### REQUIREMENT
Transcribe the lines from the start of the data below through the line with "3D-utskriven kabelorganisator monterad", word for word and nothing more.

(Records drawn from a dataset)
######

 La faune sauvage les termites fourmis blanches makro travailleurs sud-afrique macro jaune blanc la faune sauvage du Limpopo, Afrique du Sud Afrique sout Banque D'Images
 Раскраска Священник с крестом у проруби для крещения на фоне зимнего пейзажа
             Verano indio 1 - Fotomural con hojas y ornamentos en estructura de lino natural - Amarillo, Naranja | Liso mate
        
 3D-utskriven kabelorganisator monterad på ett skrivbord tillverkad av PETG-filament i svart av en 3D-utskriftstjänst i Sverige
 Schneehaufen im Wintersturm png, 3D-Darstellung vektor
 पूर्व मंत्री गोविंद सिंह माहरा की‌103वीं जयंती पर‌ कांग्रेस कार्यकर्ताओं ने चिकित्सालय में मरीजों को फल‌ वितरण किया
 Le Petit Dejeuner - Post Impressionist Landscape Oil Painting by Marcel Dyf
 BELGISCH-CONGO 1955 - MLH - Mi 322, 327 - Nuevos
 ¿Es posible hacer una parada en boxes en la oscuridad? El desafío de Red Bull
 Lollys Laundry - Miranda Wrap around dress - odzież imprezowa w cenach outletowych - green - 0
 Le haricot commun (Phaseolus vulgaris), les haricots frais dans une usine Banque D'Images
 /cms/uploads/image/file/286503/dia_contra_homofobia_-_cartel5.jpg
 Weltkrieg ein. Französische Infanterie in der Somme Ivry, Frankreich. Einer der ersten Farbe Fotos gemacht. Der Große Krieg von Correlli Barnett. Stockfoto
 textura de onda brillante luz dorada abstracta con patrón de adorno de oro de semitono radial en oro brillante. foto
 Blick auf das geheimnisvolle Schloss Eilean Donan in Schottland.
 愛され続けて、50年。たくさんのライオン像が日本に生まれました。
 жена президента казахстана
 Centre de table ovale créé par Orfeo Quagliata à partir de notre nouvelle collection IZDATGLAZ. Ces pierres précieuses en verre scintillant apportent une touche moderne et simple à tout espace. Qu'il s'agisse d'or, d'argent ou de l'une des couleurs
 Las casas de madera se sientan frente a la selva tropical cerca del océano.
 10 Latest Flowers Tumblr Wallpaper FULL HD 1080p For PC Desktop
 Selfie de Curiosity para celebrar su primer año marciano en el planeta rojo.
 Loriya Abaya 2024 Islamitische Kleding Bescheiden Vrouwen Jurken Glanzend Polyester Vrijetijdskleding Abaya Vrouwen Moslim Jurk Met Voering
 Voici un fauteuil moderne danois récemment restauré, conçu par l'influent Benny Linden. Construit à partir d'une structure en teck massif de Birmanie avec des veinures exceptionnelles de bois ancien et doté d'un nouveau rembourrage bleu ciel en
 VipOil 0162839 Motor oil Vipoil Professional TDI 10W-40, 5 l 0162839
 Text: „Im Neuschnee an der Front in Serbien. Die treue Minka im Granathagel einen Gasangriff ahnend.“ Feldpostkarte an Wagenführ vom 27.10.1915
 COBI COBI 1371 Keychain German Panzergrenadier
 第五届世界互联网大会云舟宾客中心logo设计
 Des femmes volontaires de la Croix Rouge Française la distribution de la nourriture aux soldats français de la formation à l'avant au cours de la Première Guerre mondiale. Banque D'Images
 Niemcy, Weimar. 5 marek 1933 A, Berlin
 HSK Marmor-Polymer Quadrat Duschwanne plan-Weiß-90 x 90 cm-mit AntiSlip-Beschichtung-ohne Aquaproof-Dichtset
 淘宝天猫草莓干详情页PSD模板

######

### REPLY TO THE TASK
 La faune sauvage les termites fourmis blanches makro travailleurs sud-afrique macro jaune blanc la faune sauvage du Limpopo, Afrique du Sud Afrique sout Banque D'Images
 Раскраска Священник с крестом у проруби для крещения на фоне зимнего пейзажа
             Verano indio 1 - Fotomural con hojas y ornamentos en estructura de lino natural - Amarillo, Naranja | Liso mate
        
 3D-utskriven kabelorganisator monterad på ett skrivbord tillverkad av PETG-filament i svart av en 3D-utskriftstjänst i Sverige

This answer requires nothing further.